An exact reproduction of the data below is expected, free of images.

=== SOURCE DATA ===

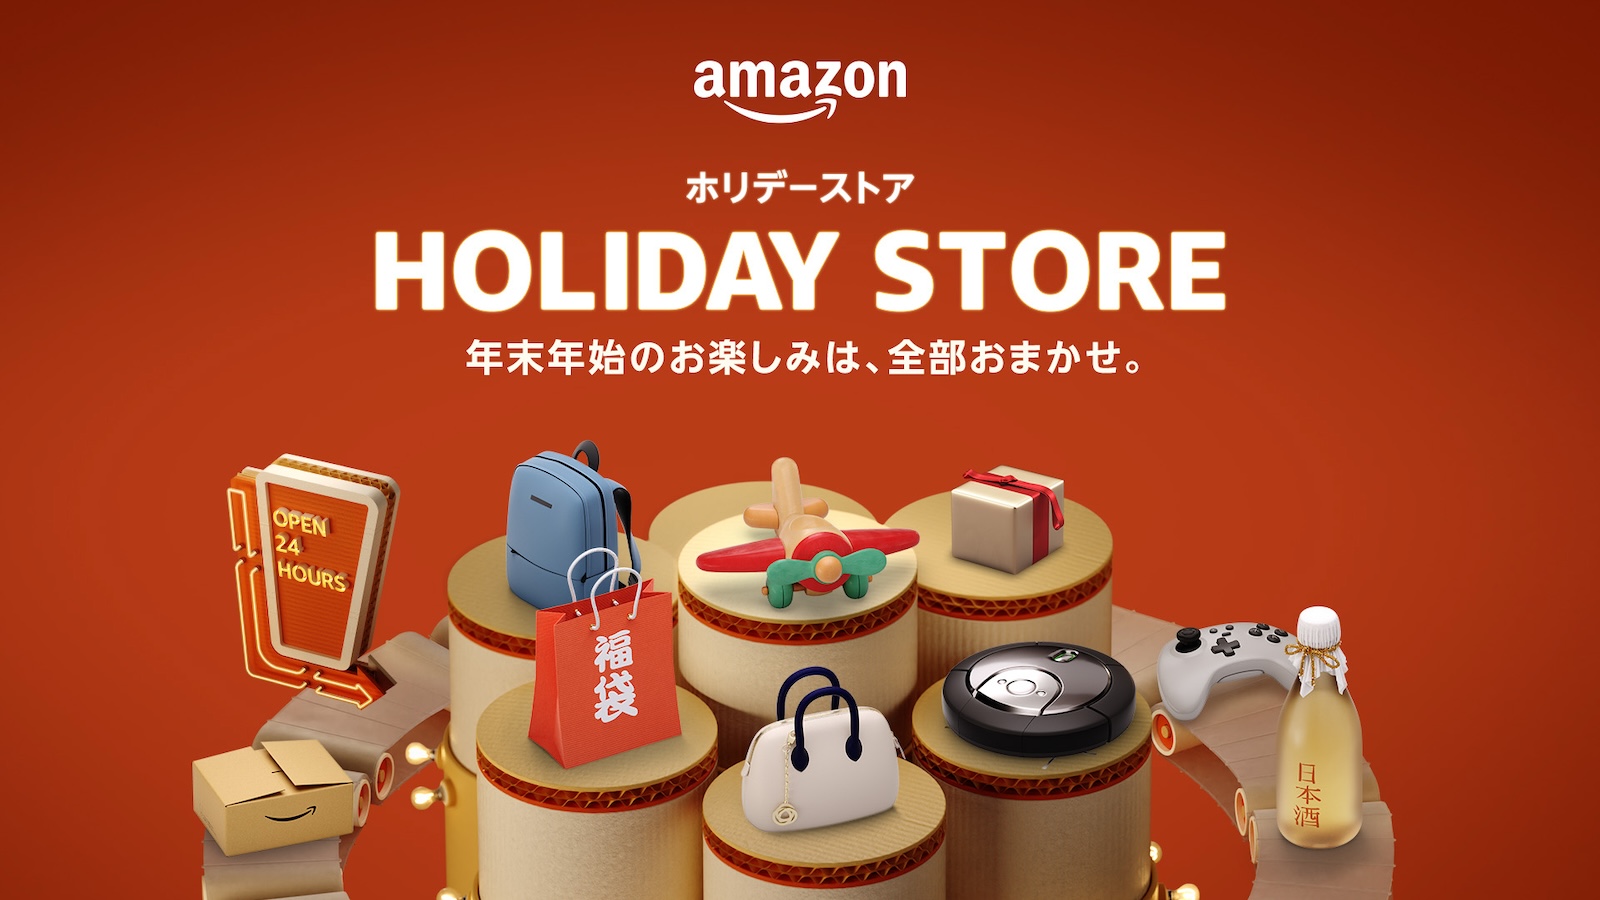 Amazon-Holiday-Store-has-opened.jpg
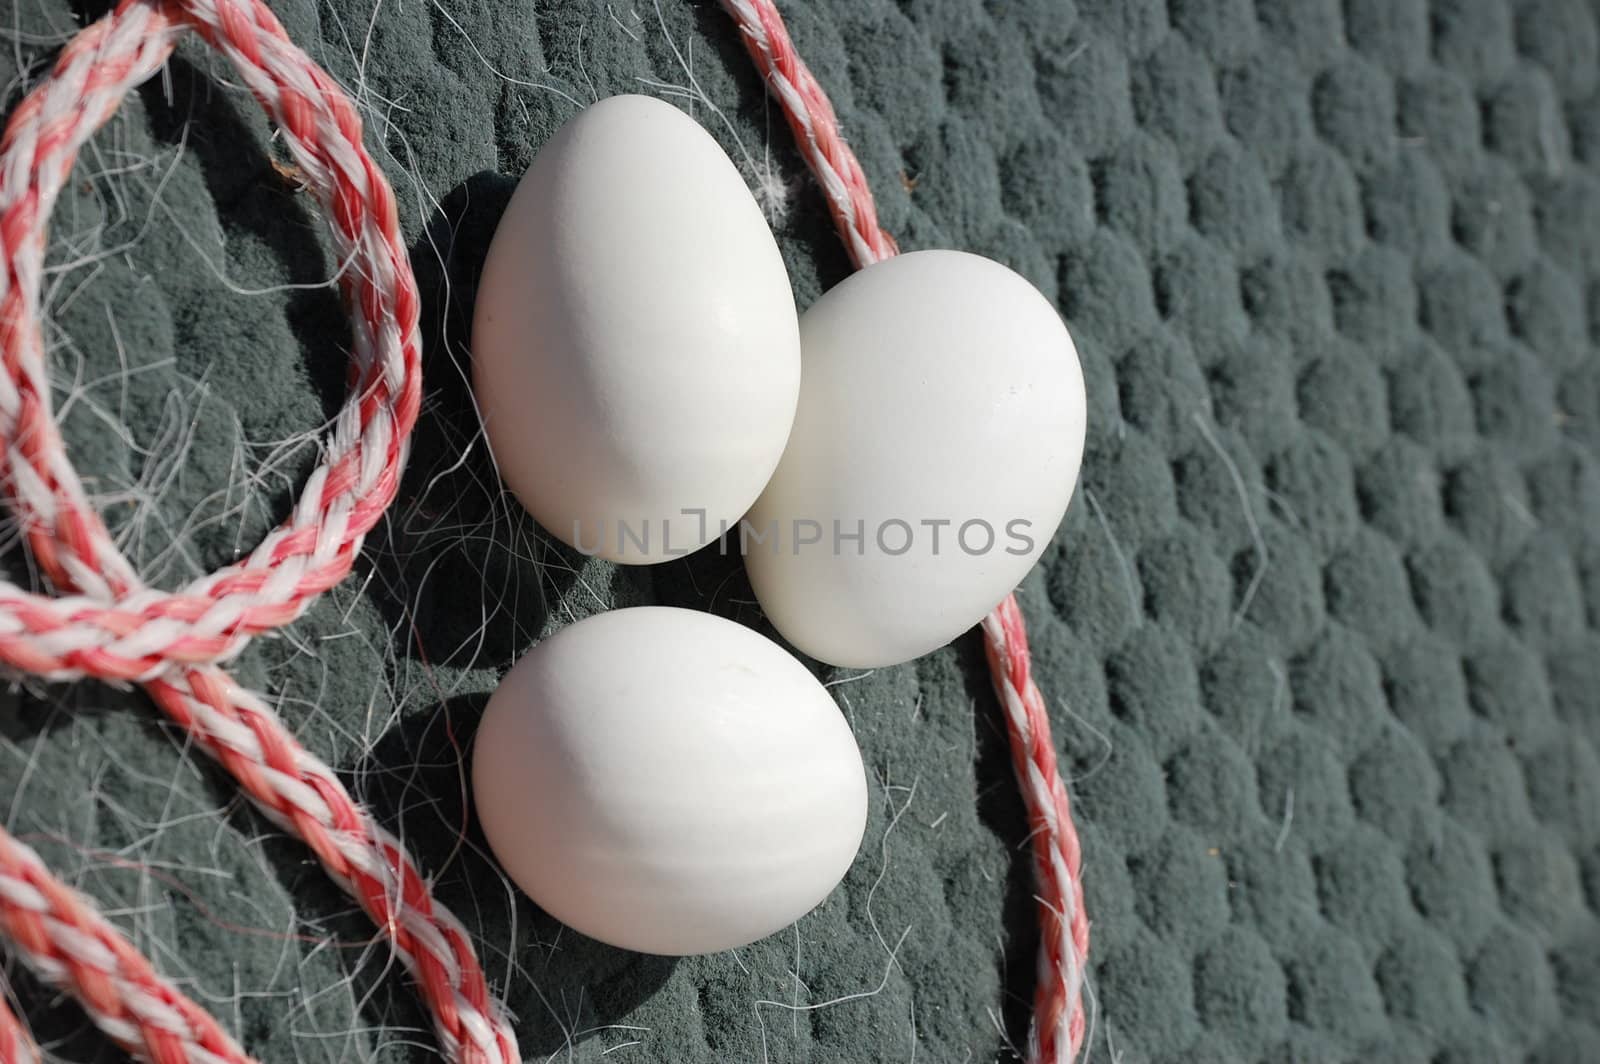 Three eggs on a boat
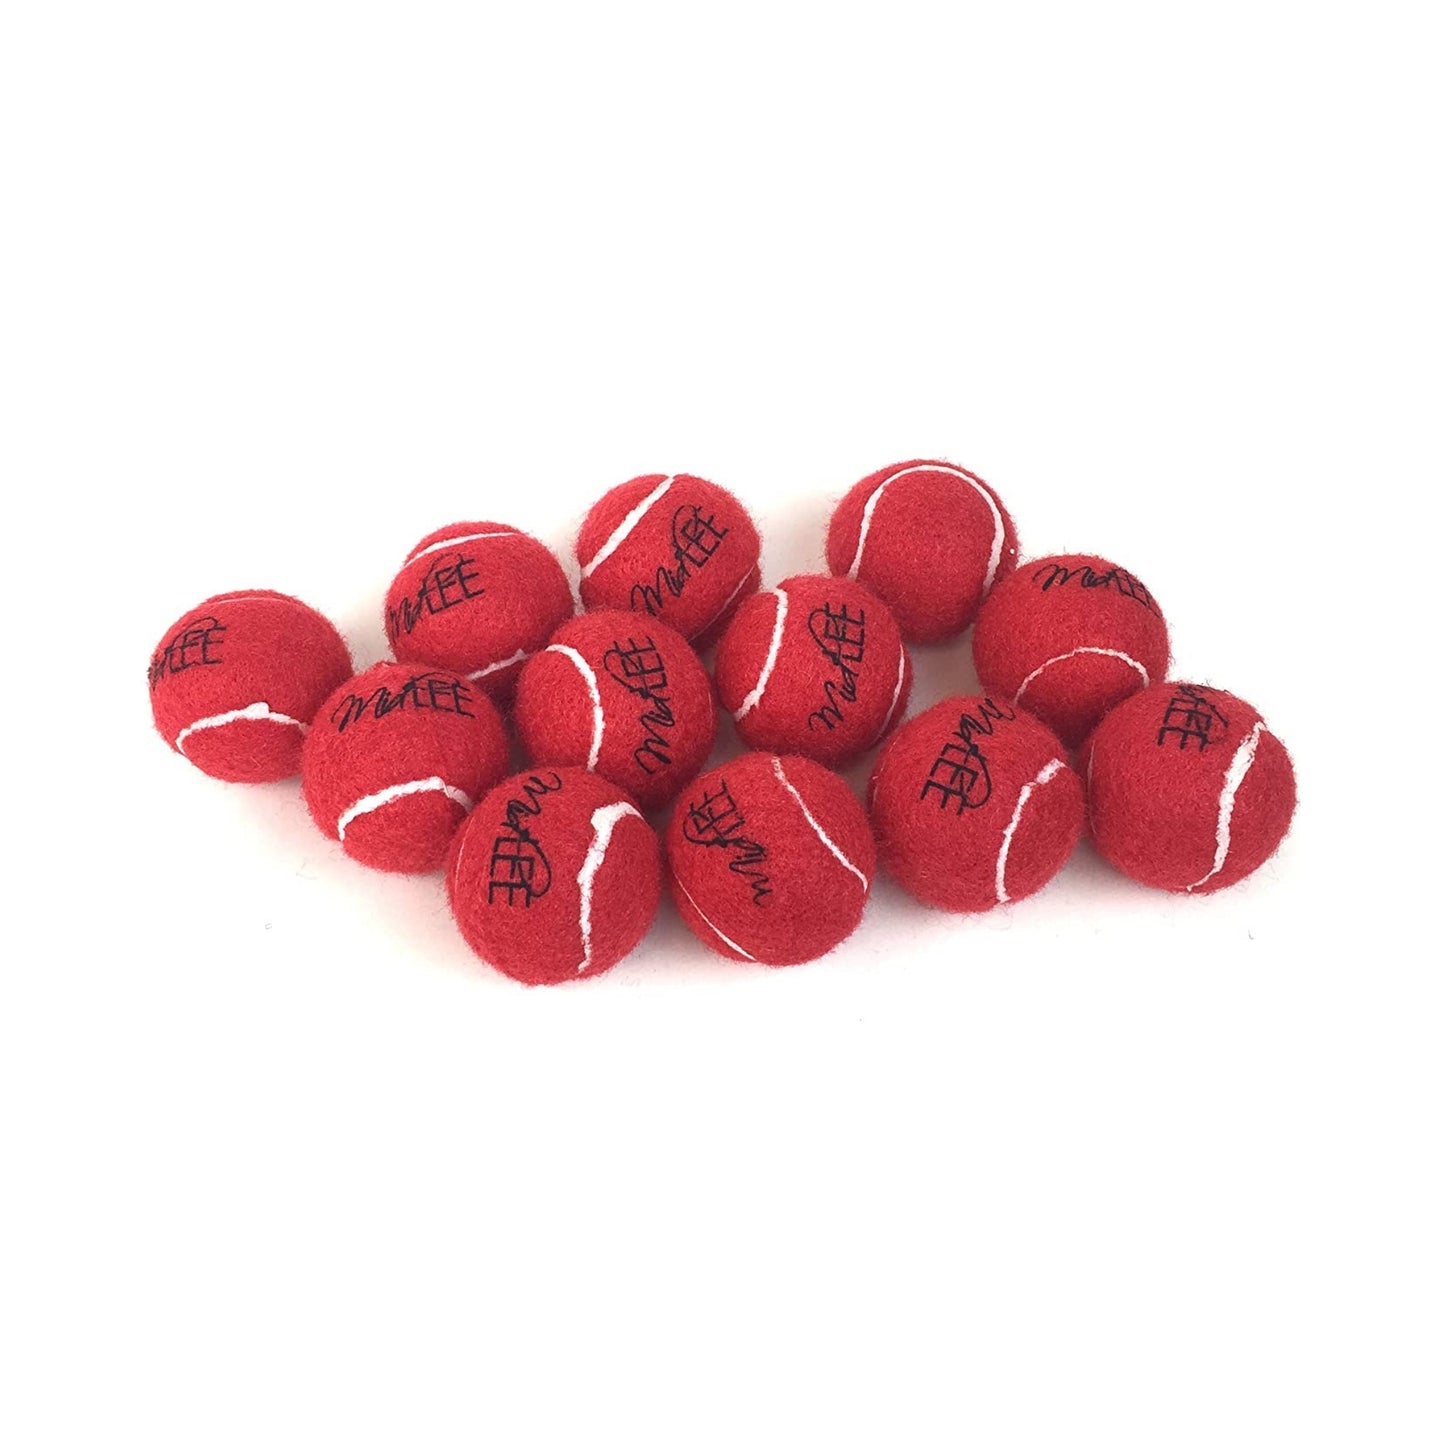 Midlee MINI Dog Tennis Balls, Red, 1.5" 12-Pack- Fetch Ball Laucher Pet Small Tennis Balls

===

> [RESULT OF THE TASK]
 Amazon-Holiday-Store-has-opened.jpg
 Three eggs on a boat
 Midlee MINI Dog Tennis Balls, Red, 1.5" 12-Pack- Fetch Ball Laucher Pet Small Tennis Balls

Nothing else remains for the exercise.